Записки мертвого человека, 1989 год

В том же 1986 году они выступили на рок-фестивале в Доме Пионеров Советского района, где их заметил телеведущий Шамиль Фаттахов и пригласил поучаствовать в «версусе» тех времен –музыкальной телепрограмме «Дуэль». Появившись на большом экране, ЗМЧ уже не остались без внимания со своими политическими намеками в песнях. По словам Карцева, сверху был отдан приказ слить группу, и во второй части программы ЗМЧ проиграли и выбыли из шоу. Вспоминая тот период, он рассказывал о подосланных судьях: «Первой вещью, которую мы сыграли на этой программе, была „ХамМиллиония“ - с намеком на наше общество. А вторая - „Бессильный созерцатель“ - была о том, что один человек бессилен изменить что-то в этом погрязшем в грязных политических играх мире. Выступление заметили, и Шамилю пришло указание сверху: сделать еще одну передачу, чтобы нас задавить. На второй передаче в эфире стали зачитывать письма: якобы люди из районов писали, что это недопустимо и им такая музыка не нравится. А еще были такие же засланные эксперты».

ЗМЧ отличались удивительной плодовитостью – только в 1988 году они записали два альбома. Первый – «Дети коммунизма», а второй «Эксгумация» был записан за одну ночь в Москве, на Останкинской телестудии. Подобная работоспособность удивляла как друзей-музыкантов, так и поклонников, которые не успевали оценить предыдущий альбом, как уже выходит новый. Но за качество музыки Карцев не решается брать ответственность: «Все удивлялись: как? А так, что музыканты у нас были первоклассные - с лету все брали. Сейчас группы пишутся за большие деньги в хороших студиях, сидят месяцами, а на выходе зачастую все равно говно. У нас, конечно, может, тоже говно, но мы его хотя бы сделали быстро », – вспоминает он спустя более 20 лет. Альбом «Эксгумация» отличается сильной политизированностью, бунтарским духом и протестом против чиновников и политической системы, царящей в последние годы существования СССР, но при этом в лирике найдутся и моменты отчаяния, когда автор говорит о потерянных надеждах, возложенных на советское общество зря.
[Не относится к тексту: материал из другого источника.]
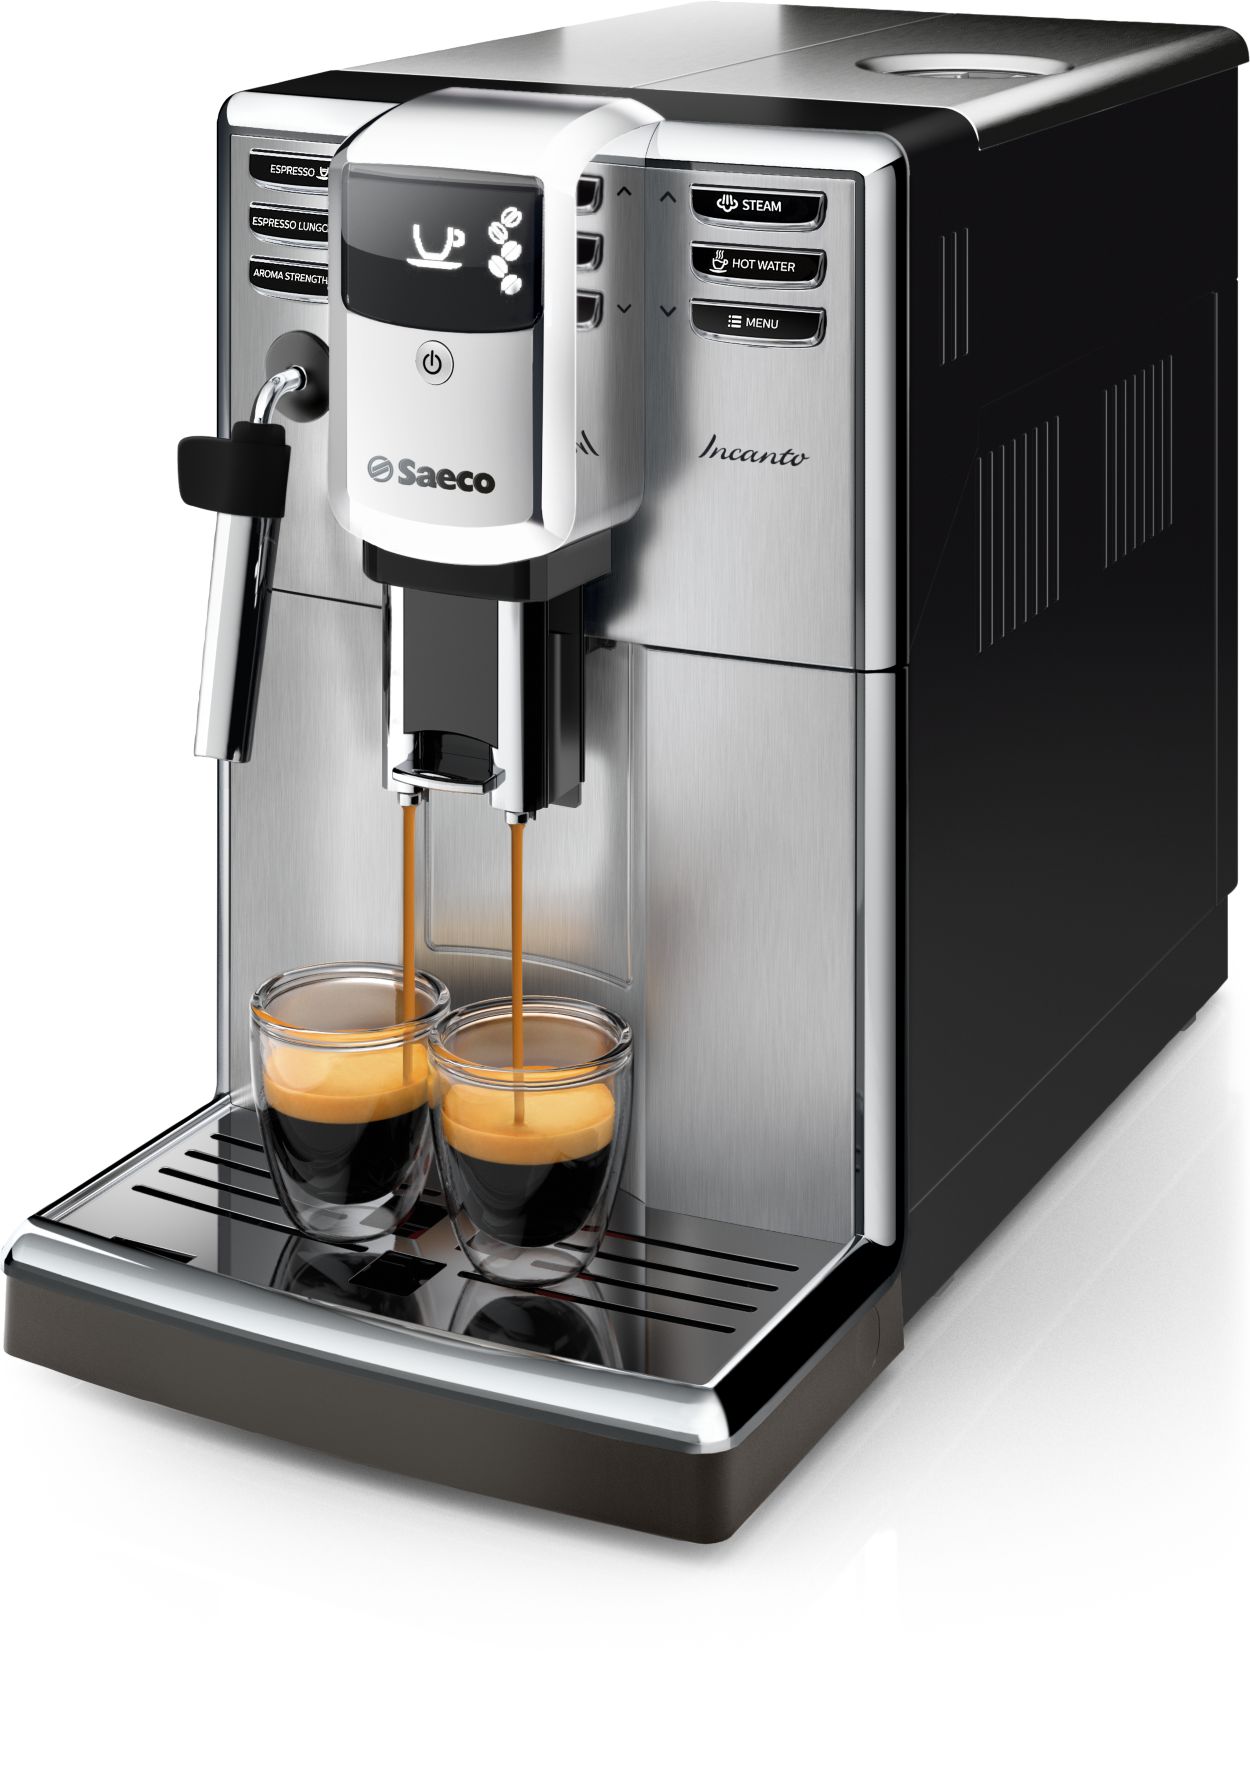 Machine a cafe grain saeco - Cdiscount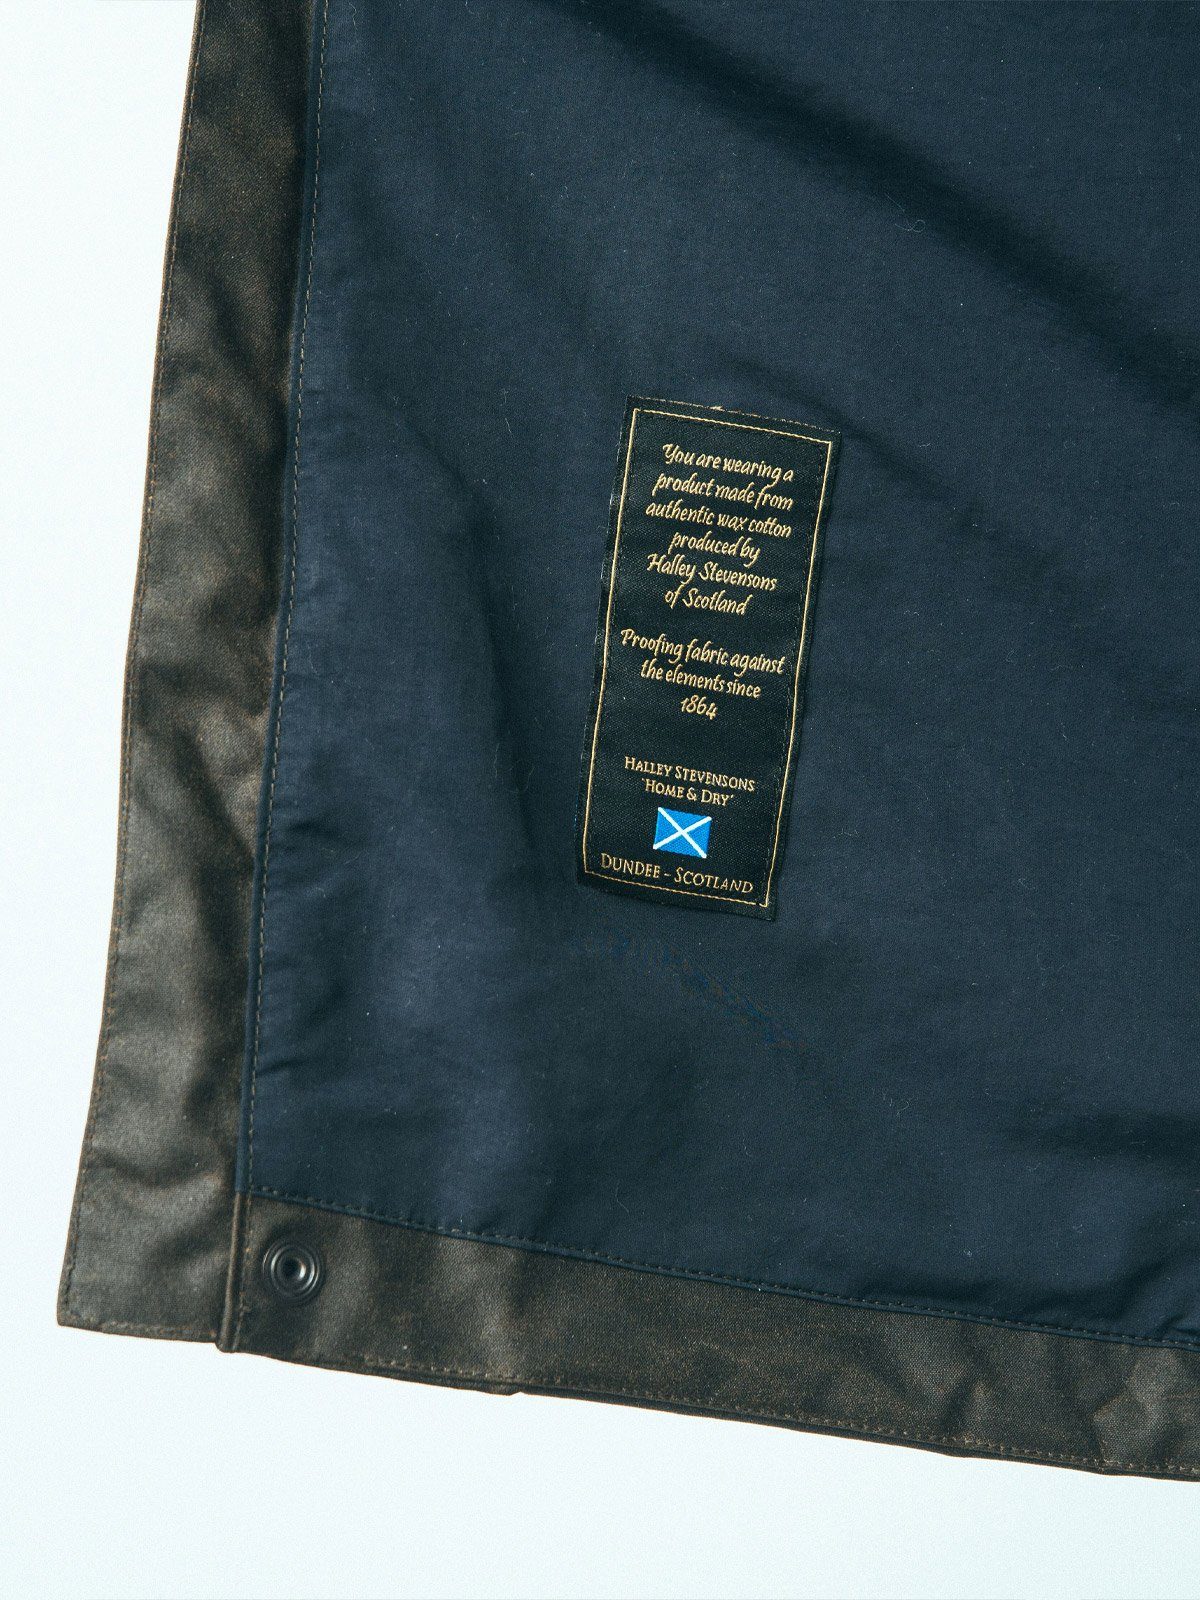 Eiger Waxed Canvas Jacket från Mission Workshop - vädertåliga väskor och tekniska kläder - San Francisco och Los Angeles - byggd för att tåla - garanterad för alltid

ЗМЧ регулярно ездили в небольшие туры по регионам и продолжали писать музыку, несмотря на то, что у всех участников коллектива была жизнь вне группы – Виталий, например, учился на юридическом факультете Казанского университета и продолжал заниматься единоборствами. Все выступления ЗМЧ в маленьких городах сопровождались недовольствами местных чиновников и комсомольцев, но все равно продолжались. Обретя достаточную для казанской группы популярность, их музыка стала интересна режиссерам и радиостанциям – их композиции использовались в качестве саундтреков в короткометражках «Странник в Булгарах» и «Афганистан», а песня «Дети коммунизма» прозвучала на радио BBC. Конечно, сейчас, в реалиях XXI века это тяжело назвать великим успехом, но молодой группе из Казани, которая занималась музыкой ради музыки, большего и не нужно было.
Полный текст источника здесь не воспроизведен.